Language in Thought and Action,  Samuel Ichiye Hayakawa, (1)


A semântica é tão importante quanto ignorada no uso da linguagem. Hayakawa, em seu livro O Pensamento Na Linguagem E  Na Ação, desqualificava  as palavras como instrumento de precisão, por não  terem peso, cor ou medida. Elas podem significar uma coisa para quem fala ou escreve e outra para o ouvinte ou leitor. Para ganharem precisão as palavras necessitam da ajuda de um ou mais  adjetivos ou , como os exemplos acima, ter os interlocutores  em  sintonia com o significado, como um quadro negro que é verde; pois não, como concordância;  obrigado como recusa; o boi que no açougue vira vaca....  Significados alterados em  consequência do fato da língua  ter vida . Ela está em constante mutação no seu significado e até pronuncia. Nas diversas regiões do país muitos vocábulos ganharam ou perderam sentido. O que conta  é que cada um de o mesmo significado ao verbete, caso contrário não há entendimento.


Um purista da língua tem a obrigação de olhar com lentes de aumento cada letra de um texto. Seria o ideal se todos os que escrevem, inclusive este rabiscador, nunca caíssem na imprecisão decorrente da ignorância, generalização ou  simplificação. Aplicar as palavras com exatidão é atributo dos clássicos  da língua - uma minoria! A  deturpação semântica segue com a história. Tente ler um texto em português arcaico. Para não ir tão longe, ficando nos primórdios do Brasil, os descobridores que desbravavam os   sertões em busca de riquesas, eram chamados de bandeirantes. Nos meados do século passado, Assis Chateaubriand (2), denominava genericamente todos os homens de negócios  como Capitães Da Indústria , mesmo  não tendo  sido os descobridores das oportunidades,  bastava o envolvimento com uma empresa. A generalização foi ao ponto de aplicar a expressão a um indivíduo cujo único negócio eram milhares de pés de café. 
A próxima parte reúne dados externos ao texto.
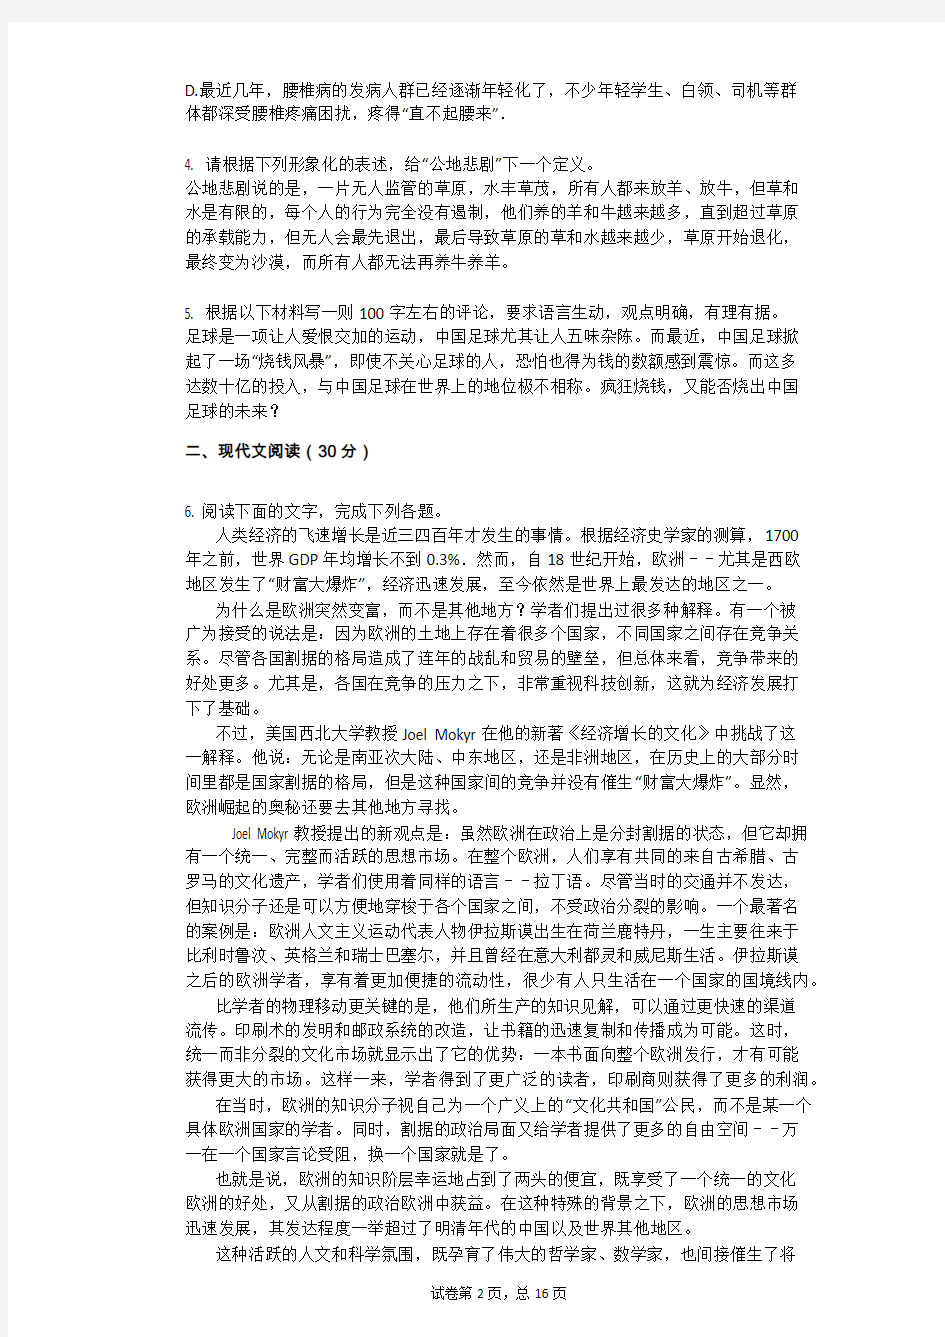 2017年浙江省高考语文模拟试卷

Na  economia, há não muitos anos, intelectuais como   Frank Knight, Peter Drucker,  Schumpeter,  Kirshner (3), reclassificaram  as funções dos homens de empresa,  fazendo uma distinção entre os que descobrem uma oportunidade e os que os sucedem administrando-as. Israel Kirshner(4) pontuava que a diferença entre um empreendedor ( entrepreneur ) e um  administrador( manager ) é a descoberta da oportunidade -  é o estado de alertness . Uma habilidade que não pode ser ensinada, ela é natural da pessoa.Todas as outras condições, segundo ele:  podem  ser compradas, emprestadas ou copiadas. Na prática o rigor semântico não é fácil de ser seguido. Bill Gates inventou a Microsoft, portanto, foi um empreendedor, mas a geriu por bom tempo, então, foi  um administrador. Hoje é um acionista. Como deve ser nominado? Amador Aguiar (4) era um bancário, no início da carreira, como diretor do Bradesco deveria ser considerado um empresário até que assumiu o poder na organização e revolucionou o sistema bancário, seria então um empreendedor. Um (Gates) começou em uma ponta extrema e o outro ( Amador ) na outra. Como devemos nos referir a eles?
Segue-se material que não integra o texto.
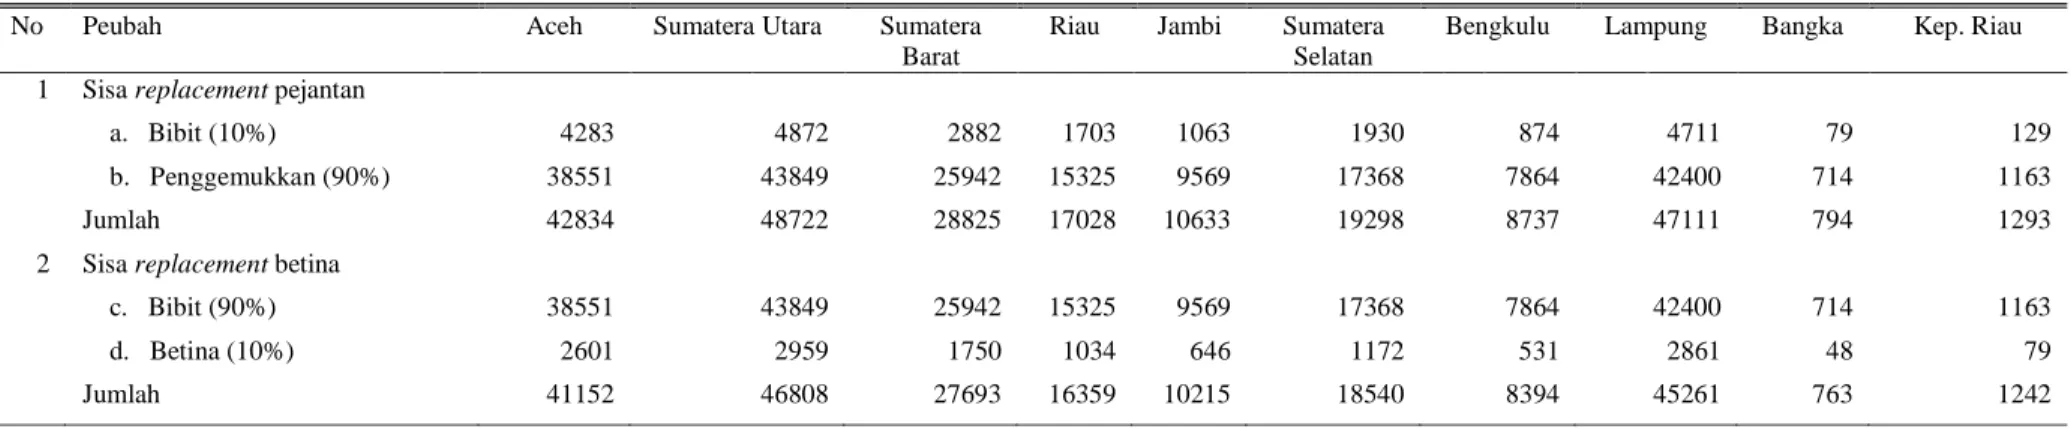 Tabel 6. Rincian sisa replacement sapi potong di Sumatera berdasarkan provinsi

Realmente a comunicação é uma arte, principalmente porque as palavras não quantificam e nem qualificam de per si, portanto o entendimento depende  da sintonia dos interlocutores. Como  era mais simples, ainda que menos precisa, quando não existiam classificações!  Eram bandeirantes por ter bandeira, capitães por analogia ao comando de um batalhão militar, empresário por ter vínculos com a empresa e empreendedor por ter o dom de criar riqueza. Como diria Hayakawa: nenhuma destas classificações é final, cada uma tem a ver com a  sua época e propósito. Este é o valor da semântica.


                                                                       As Minhas Reflexões.
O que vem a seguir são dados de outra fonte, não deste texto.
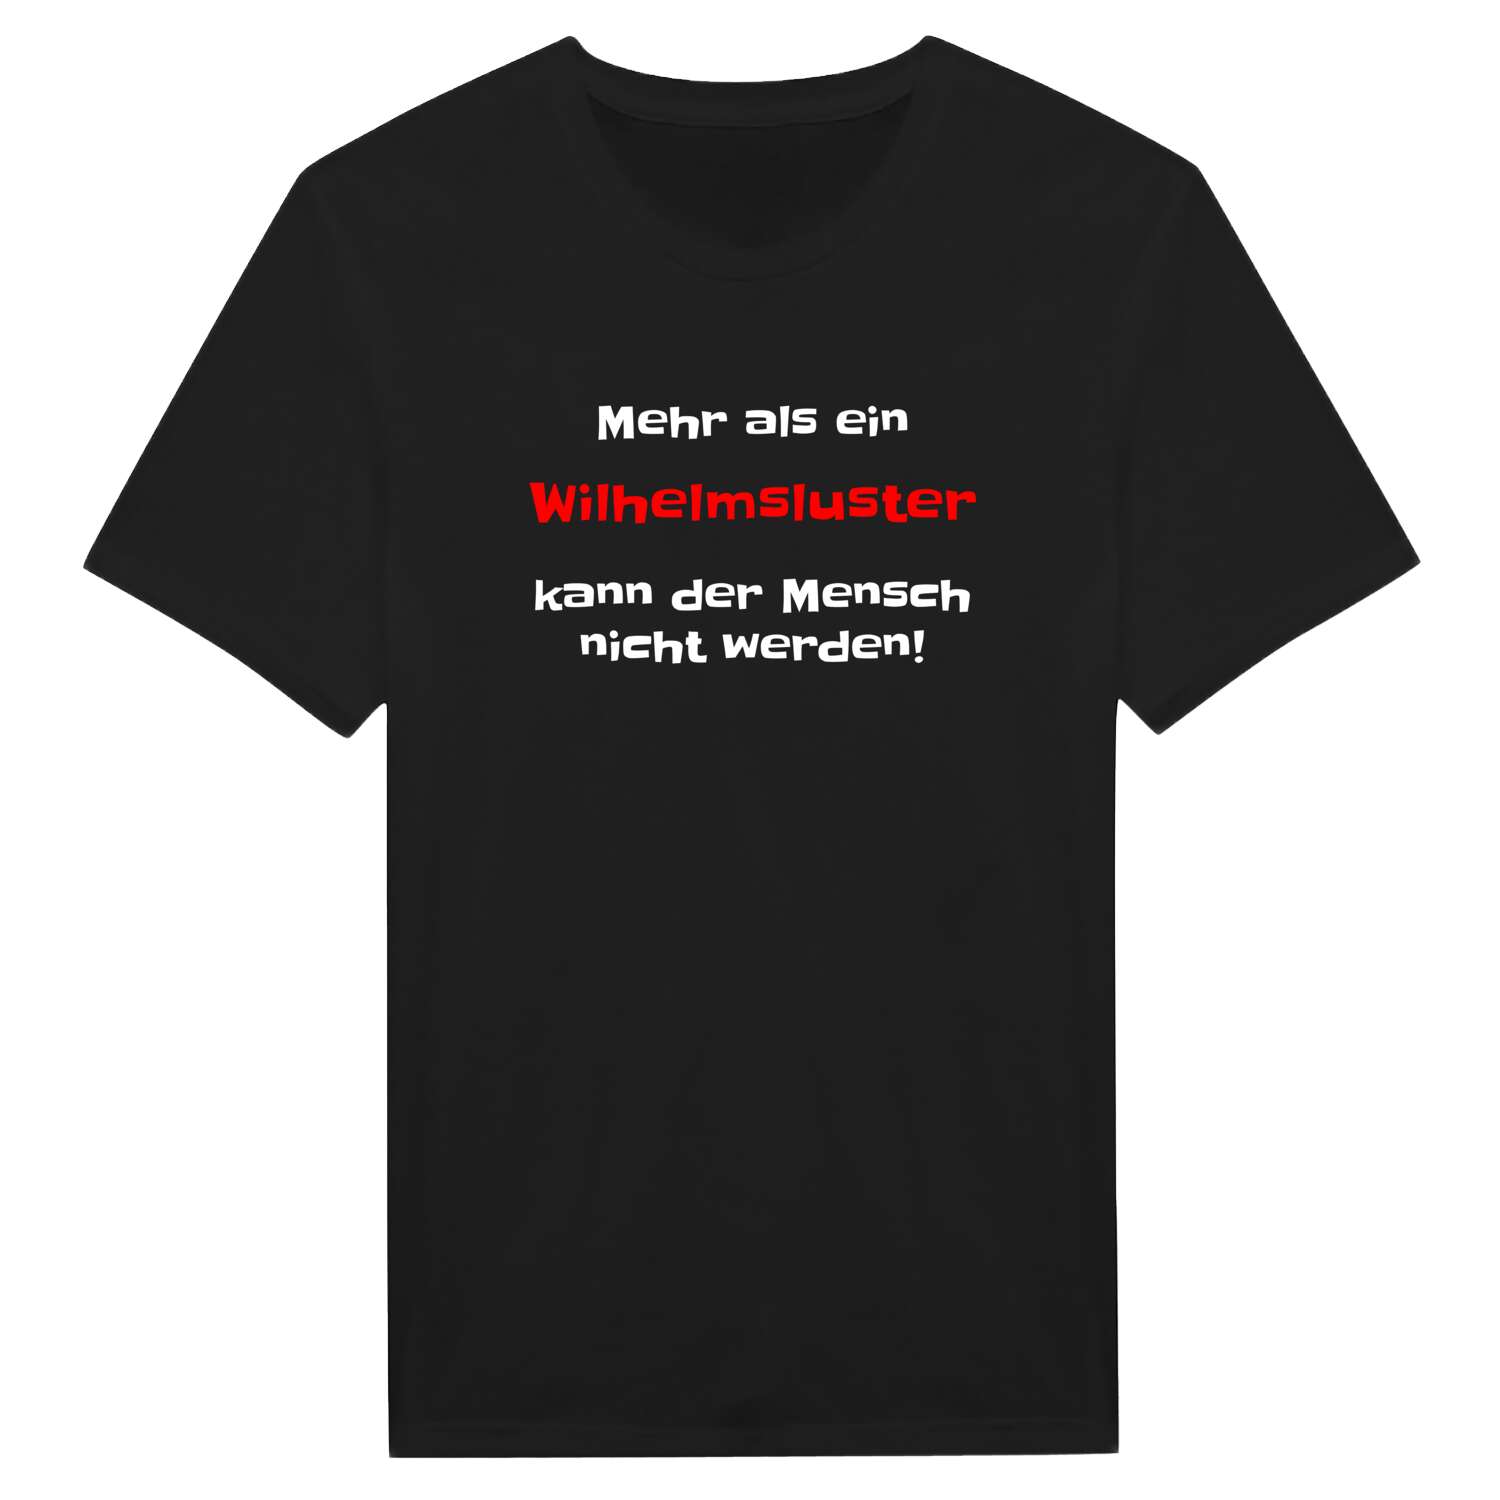 Wilhelmslust T-Shirt »Mehr als ein«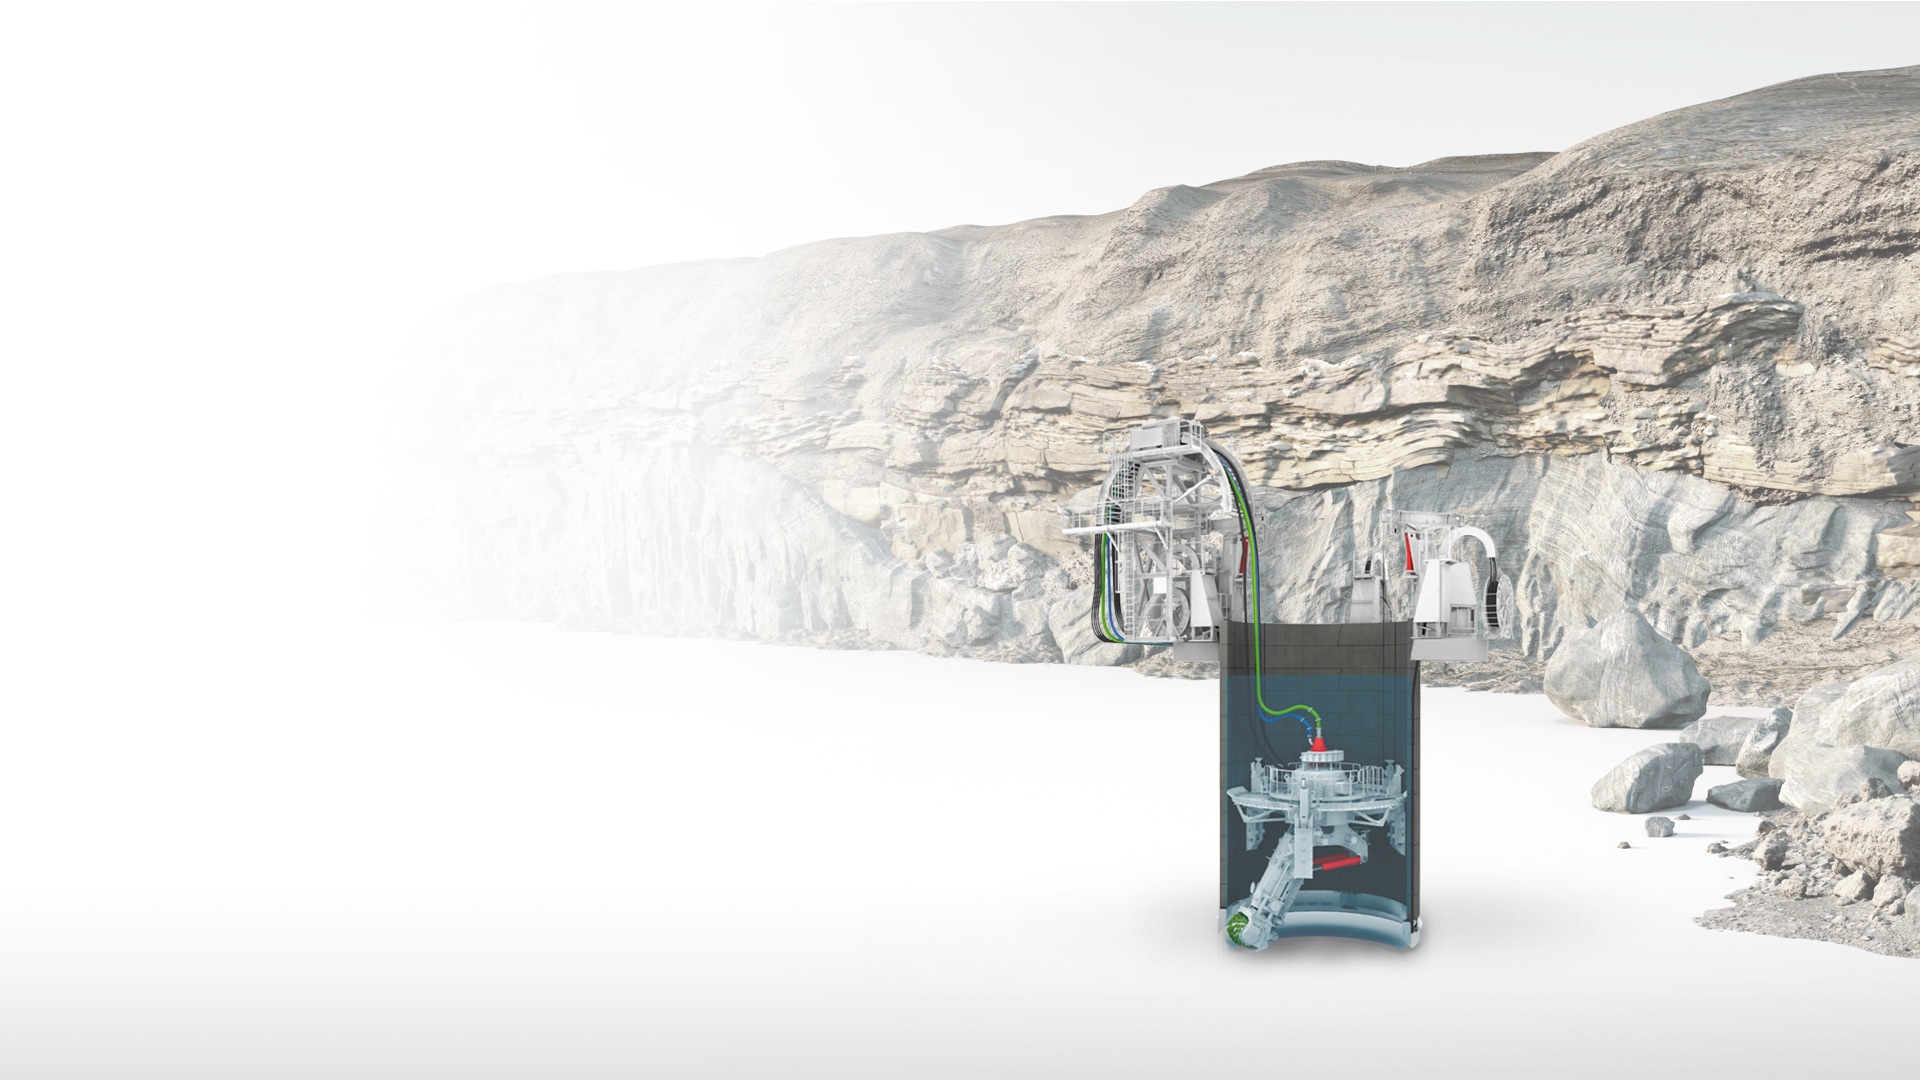 Иллюстрация системы проходки шахты, которая также позволяет заглянуть внутрь с каменной стеной на заднем плане.

Jorge Wilson Simeira Jacob

30 de outubro de 2020.



(1) Samuel Ichiye Hayakawa foi um acadêmico e político estadunidense. Foi educado nas escolas públicas de Calgary e Winnipeg, no Canadá. Recebeu a sua licenciatura na Universidade de Manitoba, em 1927; e graduação em Inglês pela Universidade McGill, em 1928, e pela Universidade de Wisconsin-Madison, em 1935. Nascimento: 18 de julho de 1906, Vancouver, Canadá


(2) Assis Chateaubriand 

Francisco de Assis Chateaubriand Bandeira de Mello, mais conhecido como Assis Chateaubriand ou Chatô, foi um jornalista, escritor, advogado, professor de direito, empresário, mecenas e político brasileiro. Destacou-se como um dos homens públicos mais influentes do Brasil entre as décadas de 1940 e 1960. Wikipédia


(4) Frank Knight (1967) e Peter Drucker (1970), o empreendedorismo refere-se a assumir riscos. Schumpeter amplia o conceito, afirmando que "o empreendedor é a pessoa que destrói a ordem econômica existente graças à introdução no mercado de novos produtos/serviços, pela criação de novas formas de gestão ou pela exploração de novos recursos, materiais e tecnologia". Assim, os empreendedores "não são simplesmente provedores de mercadorias ou de serviços, mas fontes de energia que assumem riscos em uma economia em constante transformação e crescimento." 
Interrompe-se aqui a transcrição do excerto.